◆ Exercise description ◆
Copy exactly the lines of the material below that run from the one containing "Seminários do DA" through the one containing "Stitch Disney Gift Baseball Jersey". Copy no other lines.

◆ Provided information ◆

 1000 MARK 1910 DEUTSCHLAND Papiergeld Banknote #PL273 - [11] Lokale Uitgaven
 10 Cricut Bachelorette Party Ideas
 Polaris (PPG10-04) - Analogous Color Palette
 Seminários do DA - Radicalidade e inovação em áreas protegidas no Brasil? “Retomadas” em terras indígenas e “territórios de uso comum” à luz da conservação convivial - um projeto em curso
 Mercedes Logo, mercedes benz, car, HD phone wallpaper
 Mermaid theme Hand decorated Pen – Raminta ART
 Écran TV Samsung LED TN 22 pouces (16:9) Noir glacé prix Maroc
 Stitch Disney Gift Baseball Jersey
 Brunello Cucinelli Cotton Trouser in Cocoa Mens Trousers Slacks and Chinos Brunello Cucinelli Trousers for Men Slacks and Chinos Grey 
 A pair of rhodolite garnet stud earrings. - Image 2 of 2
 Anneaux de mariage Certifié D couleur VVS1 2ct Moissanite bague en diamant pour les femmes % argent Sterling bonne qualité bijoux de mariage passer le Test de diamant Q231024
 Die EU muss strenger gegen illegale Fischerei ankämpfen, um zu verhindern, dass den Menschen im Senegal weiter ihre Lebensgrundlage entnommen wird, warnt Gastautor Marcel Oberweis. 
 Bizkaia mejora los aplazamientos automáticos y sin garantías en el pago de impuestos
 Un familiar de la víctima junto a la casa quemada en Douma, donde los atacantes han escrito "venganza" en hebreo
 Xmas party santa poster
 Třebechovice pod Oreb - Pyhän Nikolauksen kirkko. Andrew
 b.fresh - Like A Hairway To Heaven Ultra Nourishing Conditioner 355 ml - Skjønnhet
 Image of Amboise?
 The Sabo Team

◆ Written answer ◆
 Seminários do DA - Radicalidade e inovação em áreas protegidas no Brasil? “Retomadas” em terras indígenas e “territórios de uso comum” à luz da conservação convivial - um projeto em curso
 Mercedes Logo, mercedes benz, car, HD phone wallpaper
 Mermaid theme Hand decorated Pen – Raminta ART
 Écran TV Samsung LED TN 22 pouces (16:9) Noir glacé prix Maroc
 Stitch Disney Gift Baseball Jersey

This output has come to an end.